Another characteristic of this naturalistic period was his publication of travel sketches. Katai by nature liked to travel and seemed to enjoy writing with what he called "Heimen byōsha," or "Plain delineation," of what he saw and heard.[16] For example, from January 1901 to April 1902 Katai wrote eighteen essays, two poems, and forty travel sketches for publication in his employer's newspaper Taiheiyō, or The Pacific.[17]

(3) It was after the year 1906 that Katai's naturalism became assertive. He advocated naturalism through his literary magazine, Bunshō Sekai, founded in 1906. The characteristics of Katai's works of this period can be summarized as follows: among the fourteen stories that he wrote during this time, seven are subjective narrations, wherein the author uses the first person singular, and an equal number are objective descriptions, wherein the principal character is referred to in the third person; however, the subjective narrations show a gradual decrease in romantic sentimentality, while the objection descriptions tend increasingly to take up the problem of sexual desire. These two tendencies gradually blend together and finally completely merge in the form adopted in Futon.[18]


  1. Hauptmann was born in Salzbrunn, Silesia, in 1862, the same year that Bismarck was appointed Prime Minister of Prussia.
  2. When Hauptmann was about nine years old, owing to the decline of his father's business, he was sent as an agricultural apprentice to his uncle's farm in the Silesian country-side where he did not prove to be a success. Soon he returned to Breslau, this time to study art, for which he had displayed a promising talent. His chronic rebellion against the discipline of the Royal Art School brought his connection with that institution to an early close.
  3. Tayama Katai, ed., Bunshō Sekai, Vol. III, no. 13, Oct. 1908, quoted in Yanagida Izumi, Tayama Katai no Bungaku ("The Works of Tayama Katai") (2 vols.; Tokyo, 1956–58), II, 85.
  4. Ibid.
  5. A school for waka, or Japanese poetry, founded by Kagawa Kageki, a critic of the late Tokugawa period. He attempted to restore the poet's simple and original style as was the case of Japanese-forms of poetry of the Heian period that appeared in Kokinshū, the first imperial anthology collected around 905. The basic form of Waka consists of 31 syllables arranged in 5-7-5, 7-7.
  6. Tayama Katai, Tokyo no Sanjūnen ("Thirty Years in Tokyo"), Vol. XCVII of Gendai Nihon Bungaku Zenshū (99 vols.; Tokyo: Chikuma Shobō, 1953–59), pp. 304–05.
  7. Hauptmann likewise lived for a while with his brother Karl and his sister-in-law (who became models in Einsame Menschen) at Zürich.
  8. In the same year 1891, Hauptmann wrote Einsame Menschen.
  9. Ihara Saikaku.

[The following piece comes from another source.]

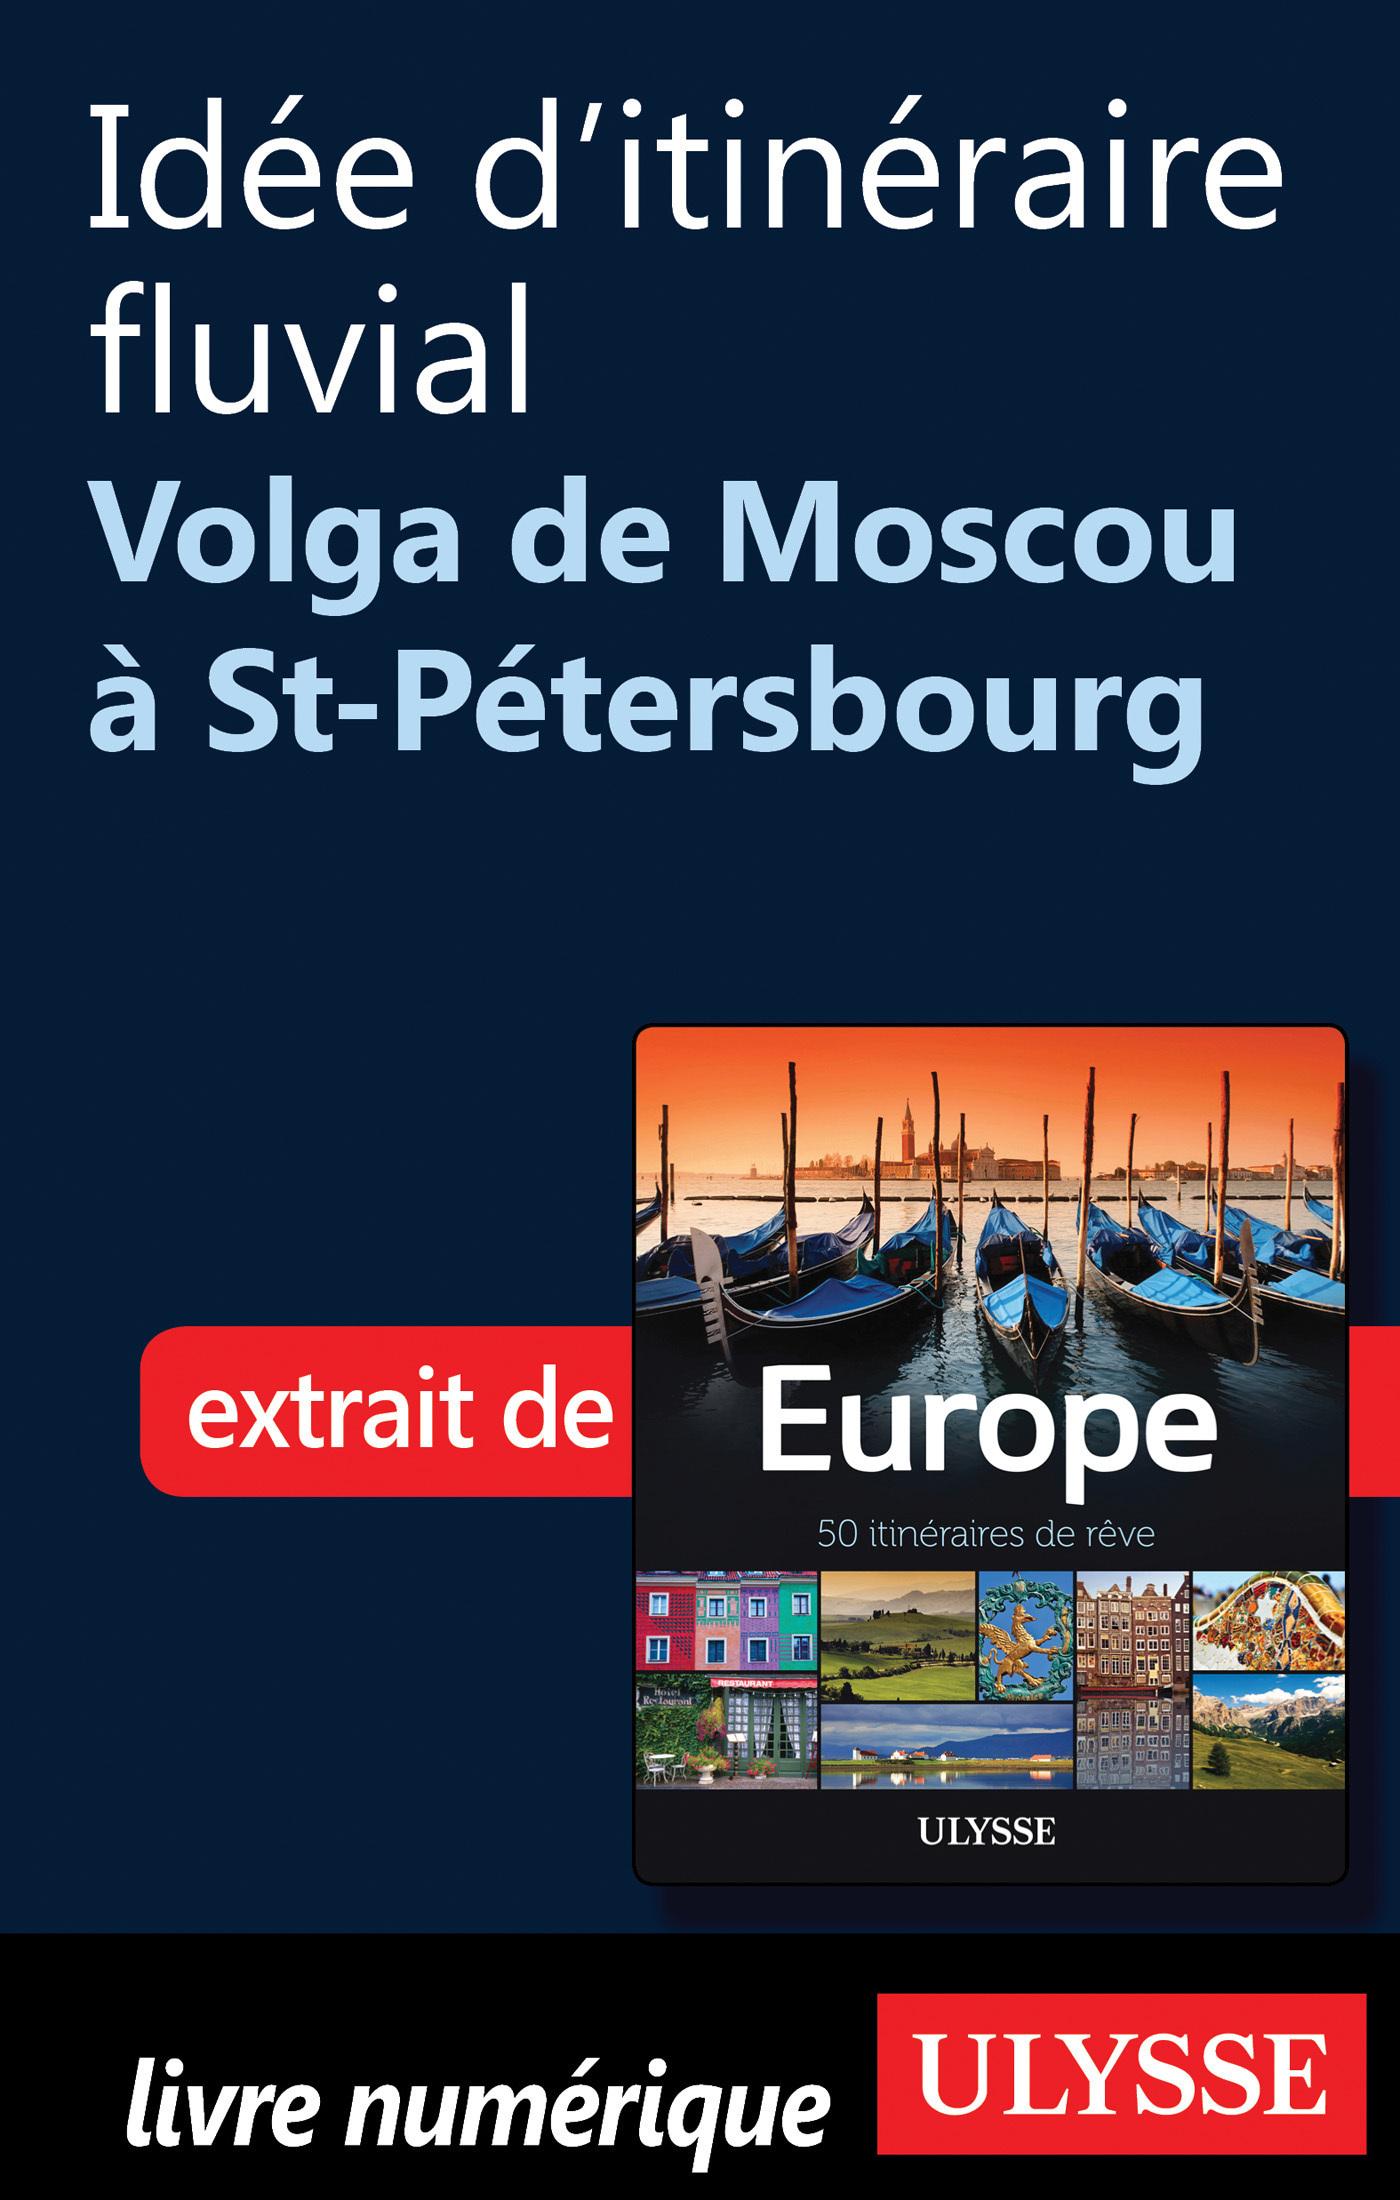 Idée d'itinéraire fluvial - La Volga de Moscou à St-Pétersbourg

Seventeenth-century prose stylist and haiku poet. His style was both elegant and colloquial.
  10. Chikamatsu Monzaemon. Eighteenth-century playwright. His plays are characterized by a refined style and deep insight into psychology.
  11. Tayama Katai, Tokyo no Sanjūne, op. cit., pp. 292–93.

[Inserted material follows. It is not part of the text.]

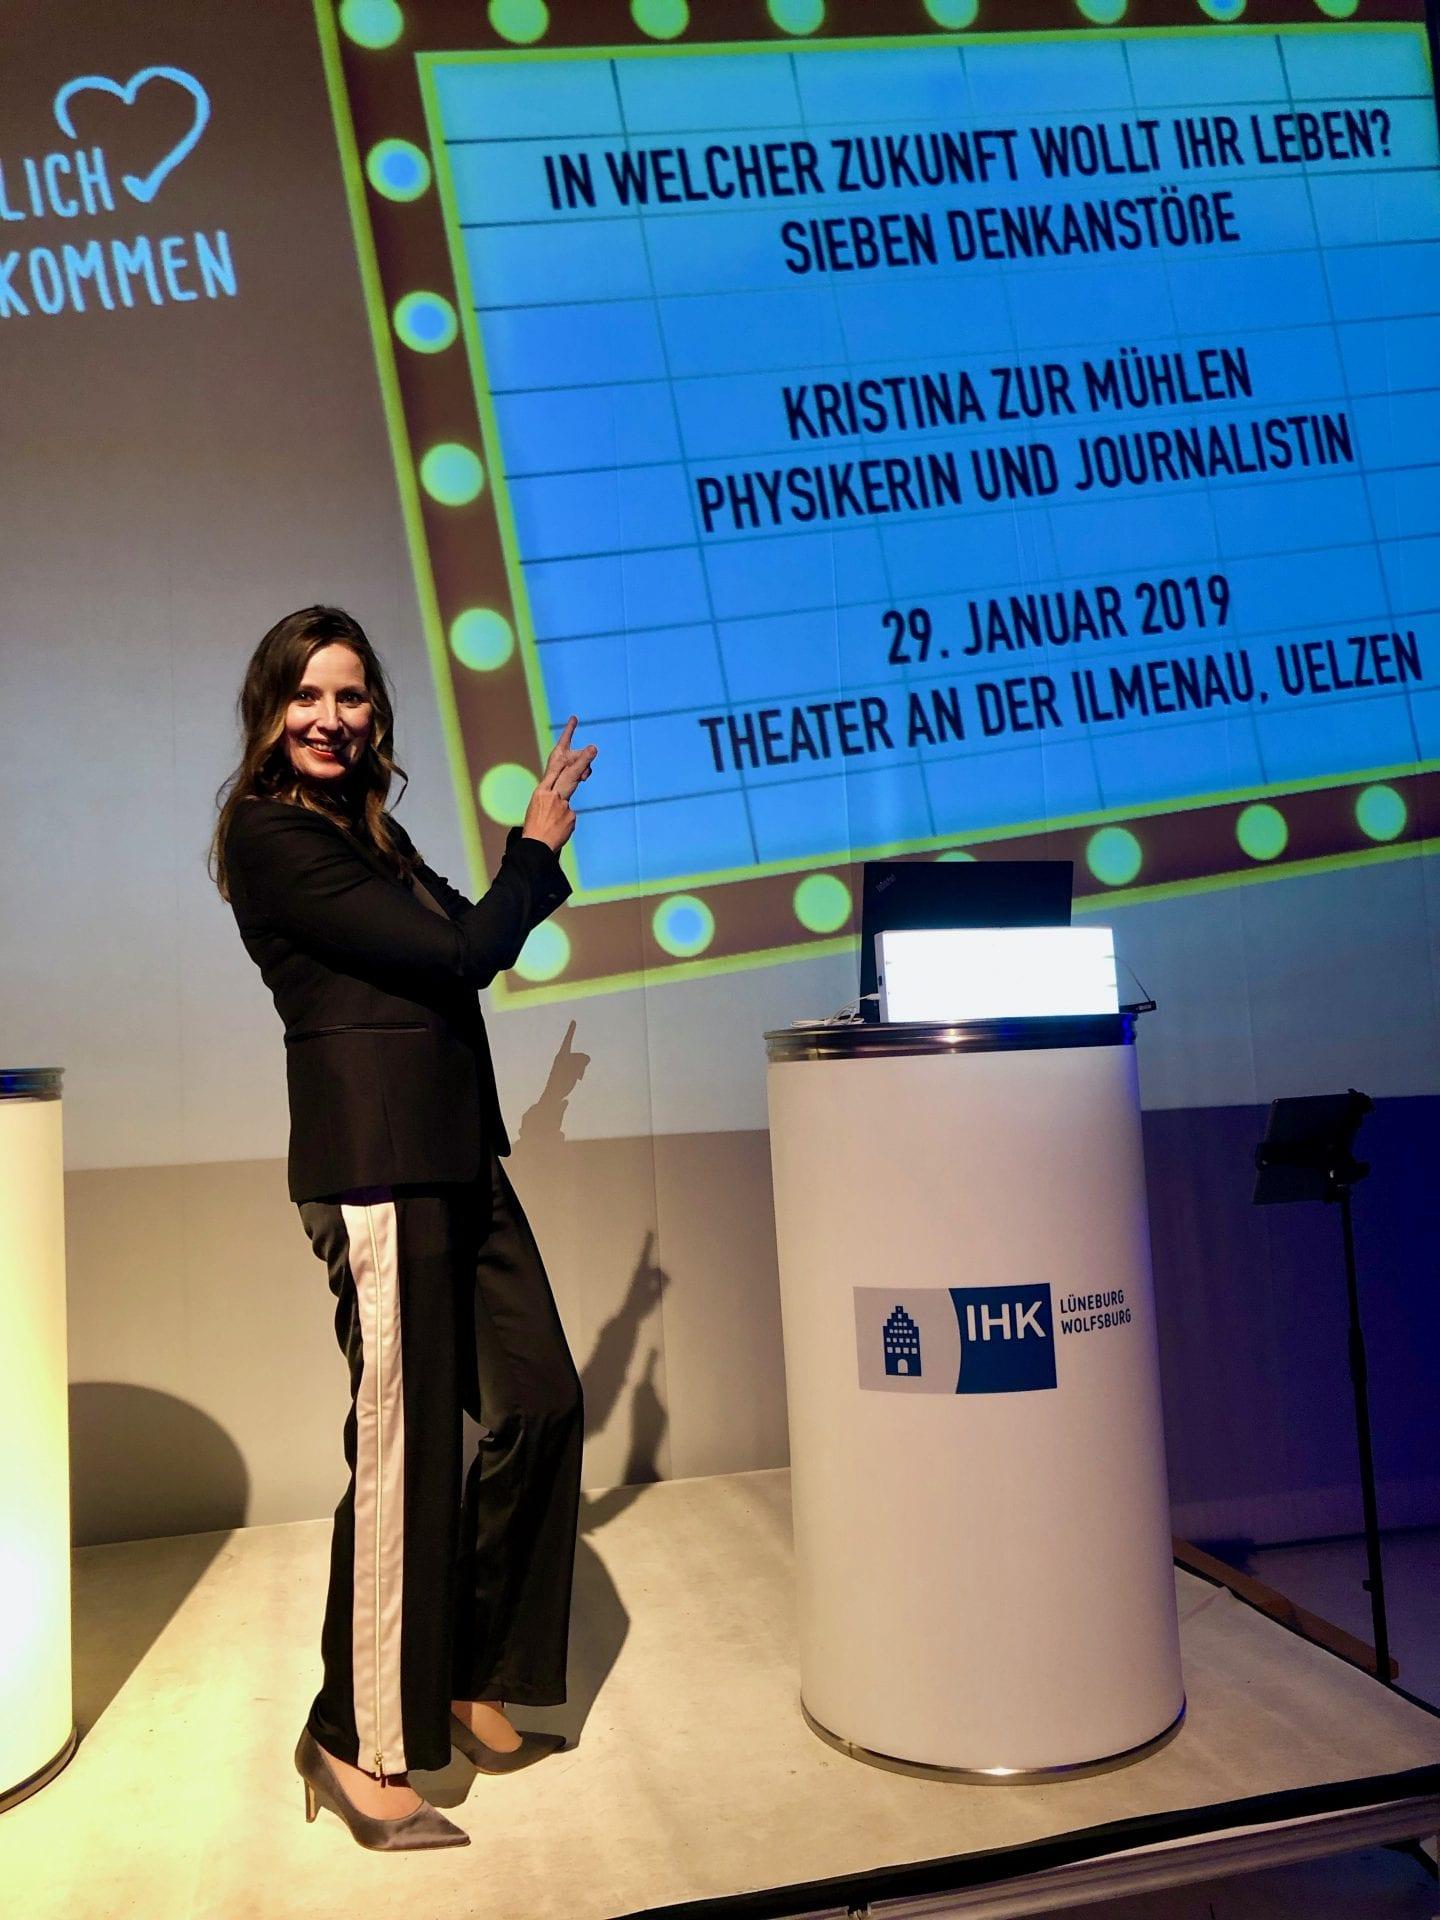 Kristina zur Mühlen auf Bühne |zeigt auf Leinwand mit Keynote-Titel

  12. Katai resigned from Hakubunkan in 1912. During the years 1899 to 1912 Katai wrote his own literary works in his spare time.
  13. Maupassant's short stories were compiled and published under the title of After-Dinner Series by Mathieson & Co., London, England, in the years 1896–97.

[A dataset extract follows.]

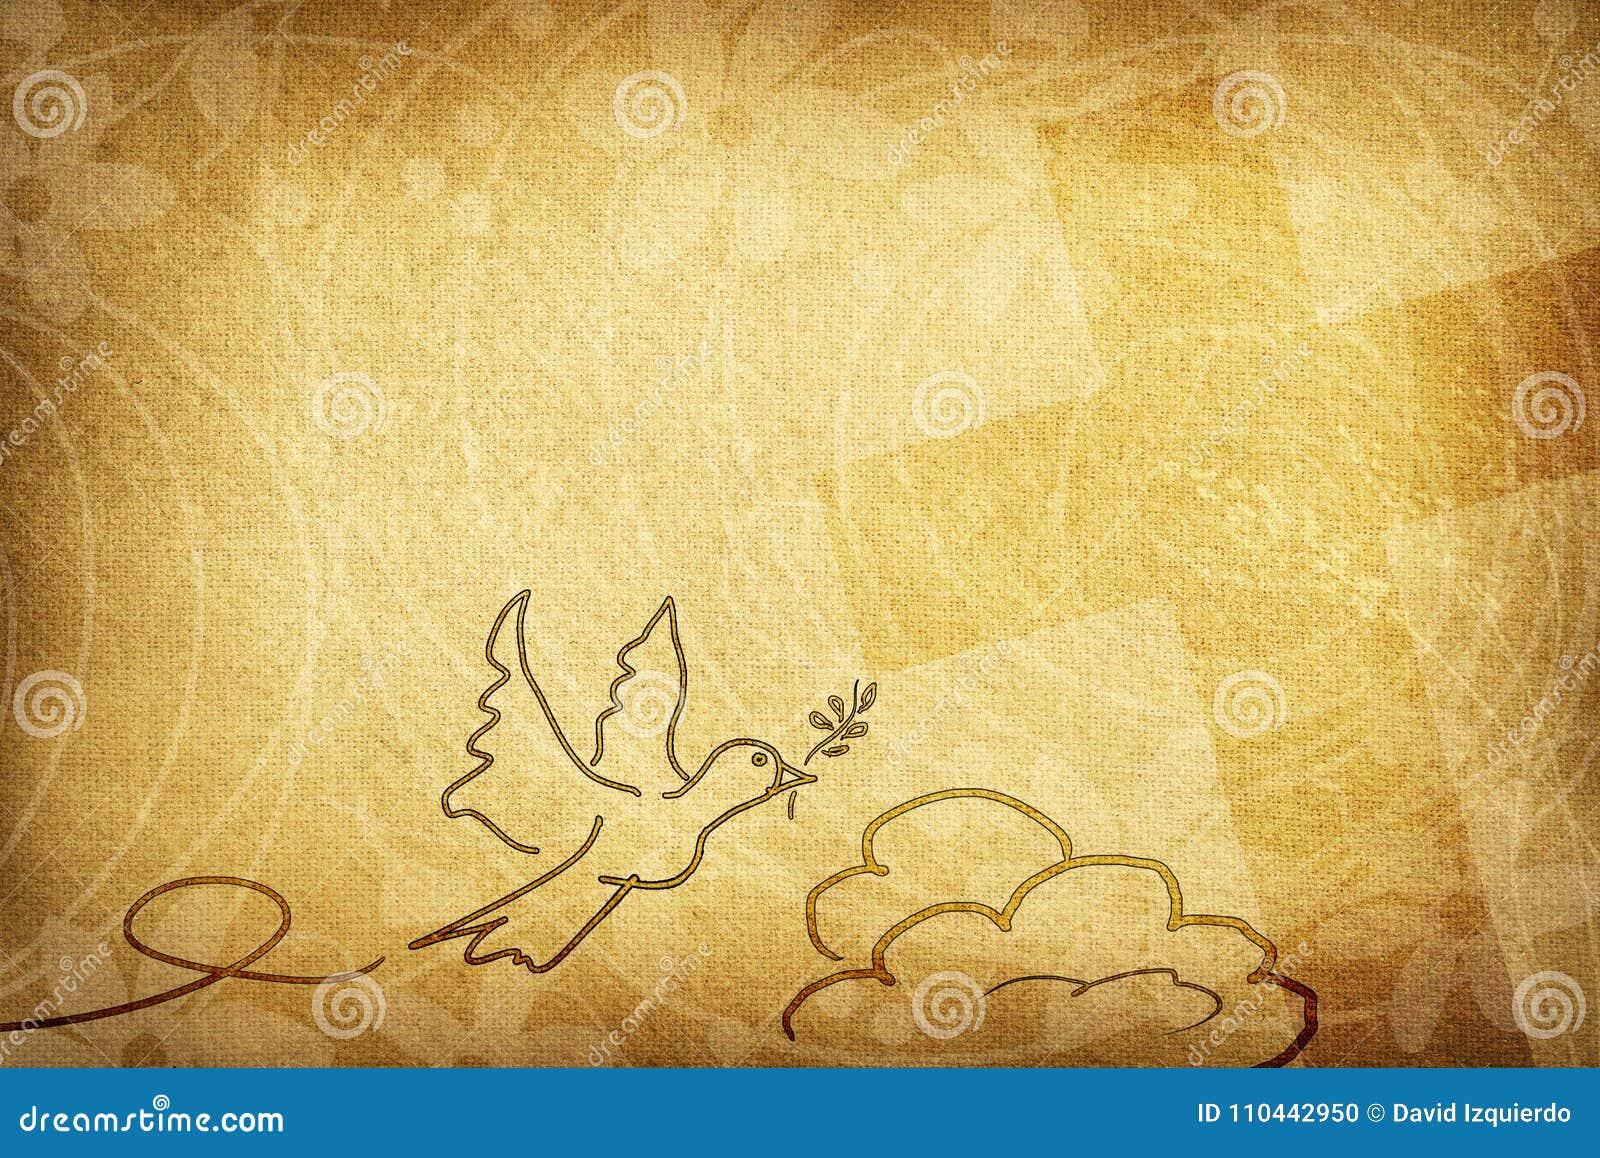 Det religiösa kortet med duvan med oliv fattar blommor och korset

  14. Tayama Katai, Tokyo no Sanjūnen, op. cit., pp. 335–36.
  15. Tayama Katai, Tokyo no Sanjūne, op. cit., pp. 335–36.
  16. Plain delineation means a method of relating, with no subjectivism, the author's experiences in the real world just as they had been when he had seen, heard and felt them.
  17. Wada Kingo, Shizenshugi Bungaku ("Naturalism Literature") (Tokyo: Shibundō, 1966), p. 168.
  18. Wada Kingo, op. cit., pp. 154–58.